TWIH: Preliminary Emancipation Proclamation
You’ve heard of the official Emancipation Proclamation, but this was an earlier version. Did you know that Lincoln gave southern states an opportunity to return to the Union—and to keep their slaves?
At about this time in 1862, Abraham Lincoln issues a preliminary Emancipation Proclamation. You’ve heard of the official Emancipation Proclamation, of course, but this was an earlier version of it. Did you know that Lincoln gave southern states an opportunity to return to the Union—and to keep their slaves?
Lincoln had been contemplating the idea of emancipation for months. As early as July 1862, he’d suggested it to his cabinet. His plan was to ground an emancipation proclamation, as historian James McPherson describes, “in his war powers as commander in chief to seize enemy property (in this case, slaves) being used to wage war against the United States.”
But the proclamation wasn’t just some sort of altruistic measure.

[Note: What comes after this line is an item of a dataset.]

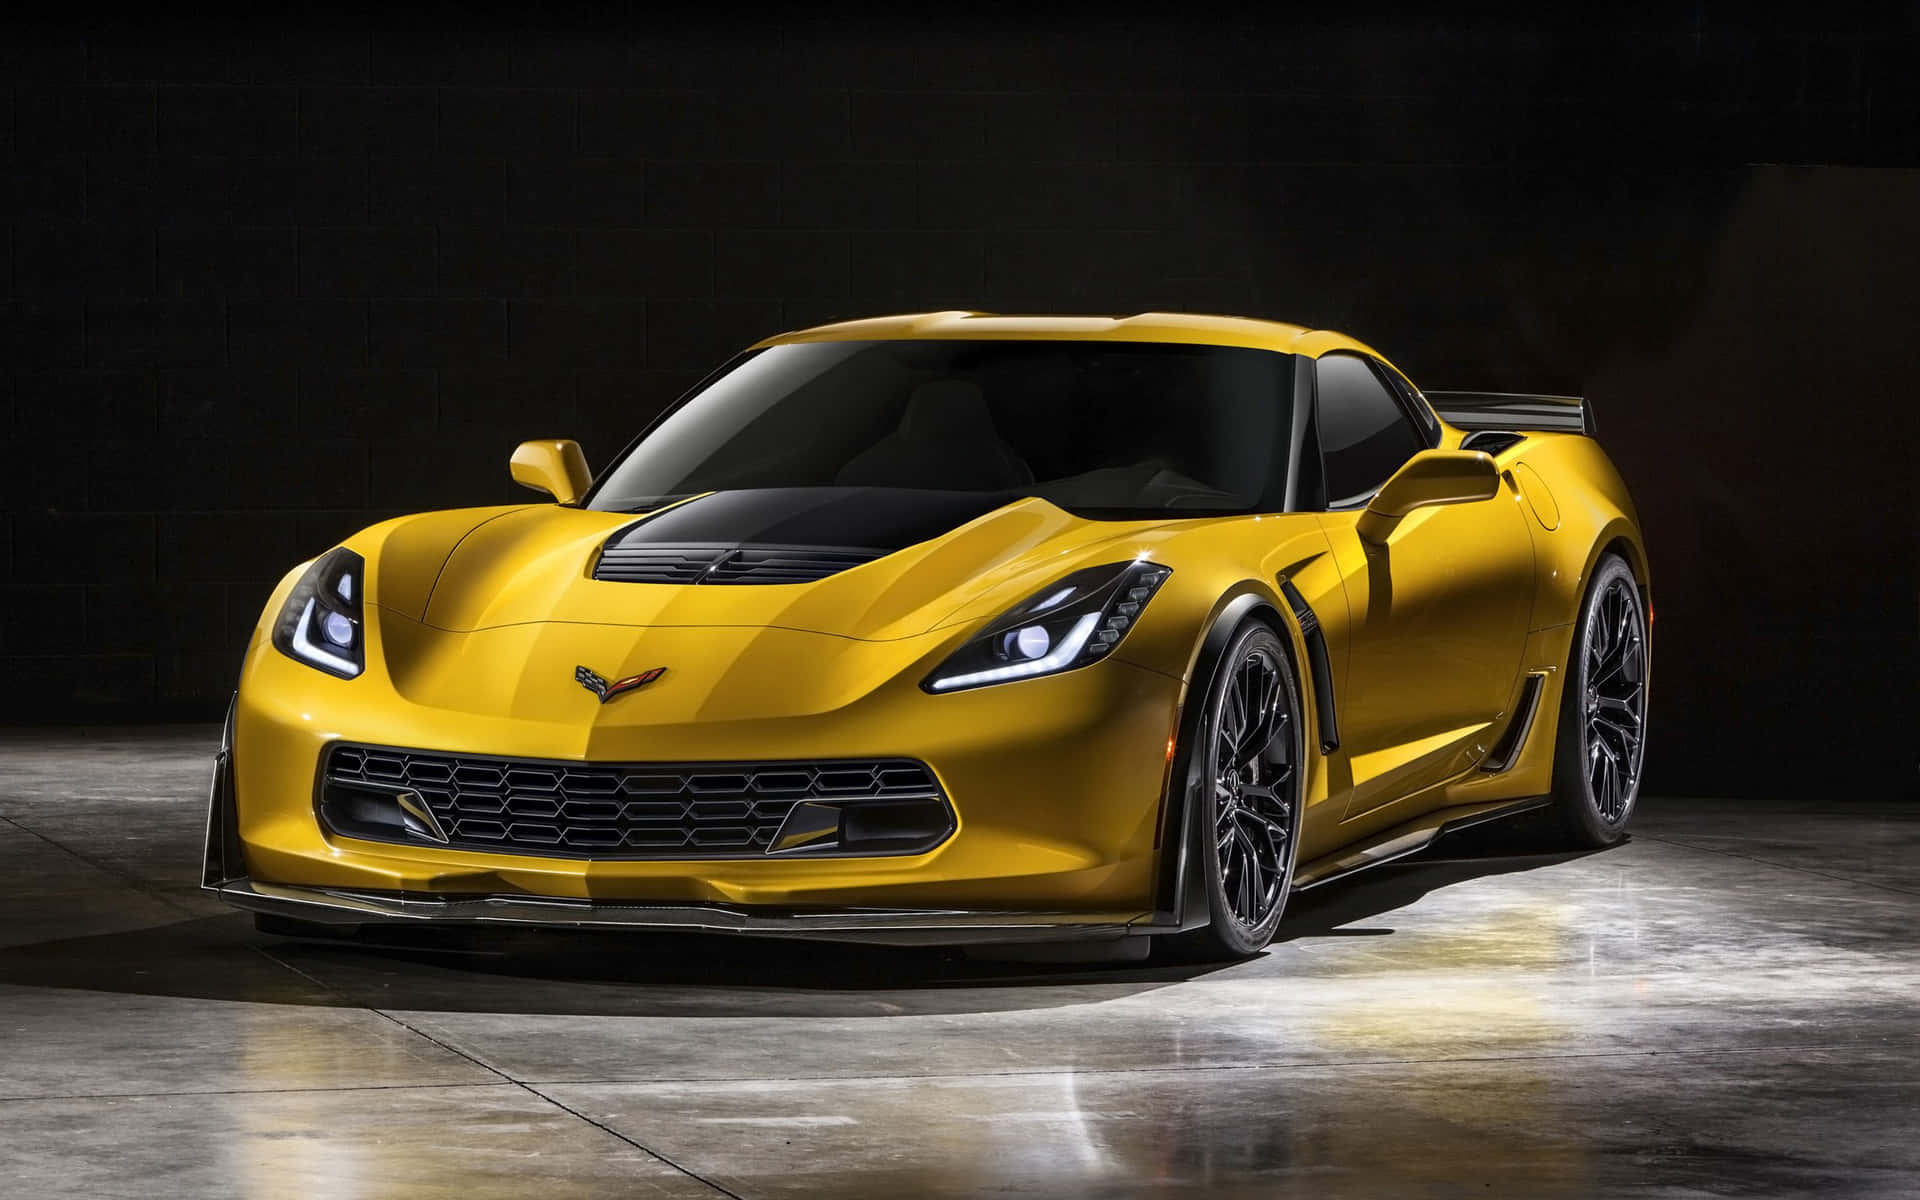 Klassiskamerikansk Muskel: Corvette.

Secretary of the Navy Gideon Welles described Lincoln’s move as a “military necessity, absolutely essential to the preservation of the Union. We must free the slaves or be ourselves subdued. The slaves were undeniably an element of strength to those who had their service, and we must decide whether that element should be with us or against us.”
In other words, the Emancipation Proclamation was not only about freeing slaves. It was also about military strategy.
“Militarily,” Professor Mackubin T. Owens explains, “the Emancipation Proclamation opened the way to the next logical step in this process of weakening the South while strengthening the North: enrolling blacks as soldiers in the Union army. The manpower boon to the Union was substantial. . . . At the end of the war, [black soldiers] constituted 12 percent of the Union’s military manpower.”
Nevertheless, Lincoln chose not to make his preliminary announcement in July, when he talked to his cabinet. His Secretary of State, William Seward, argued convincingly that a proclamation should not be issued until the military effort was going better. If the proclamation were to be issued in a moment of weakness, then it would seem to be “a cry for help . . . our last shriek, on the retreat.”
Lincoln would say that Seward’s words “struck me with great force.” He decided to wait.
Lincoln’s moment came in September 1862, after the Battle of Antietam. That battle had been difficult, to say the least. McPherson estimates that the casualties were twice the casualties of the War of 1812, the Mexican War, and the Spanish-American War COMBINED. In the end, the Confederate army retreated. Technically, it was a draw, but Union forces retained the field. They declared victory.
Lincoln decided that this was his moment. Five days later, he issued his preliminary proclamation. Lincoln gave the Confederate states until January 1, 1863, to return to the Union. Any state that voluntarily returned, Lincoln promised, could keep its slaves. Meanwhile, those states refusing to comply would be subject to the Emancipation Proclamation that Lincoln intended to issue on the first day of the New Year.
Let’s just say that not everyone was happy with this outcome. Democrats in the North were upset, and they used it as a campaign issue during the mid-term elections that year. Many in the border states were also unhappy.
In the end, no state returned to the fold. Instead, on January 1, 1863, Lincoln issued his official Emancipation Proclamation, a document that freed slaves in the Confederate states, but did not free the slaves in the northern states. (Yes, there were some.)
What if the Confederate states had accepted Lincoln’s offer to return to the Union? Would we still say that the Civil War was fought over the issue of slavery?
Sources can always be found on my website, here.
You pose difficult questions Tara. What would the Union have looked like had some or all of the Southern States returned to the Union and kept their slaves? It would be difficult to then say that the Civil War had been fought over slavery but I would think that there would eventually have been another Civil War and or another succession over slavery.
Tara, I wish that the algorithms would leave you alone. It is frustrating for everyone but if you find Facebook to be untenable, I will follow you wherever you find to be more acceptable. I would hope that the vast majority of your readers would as well. Your message is very important to me and others.
Thank you, Tara, for another great story!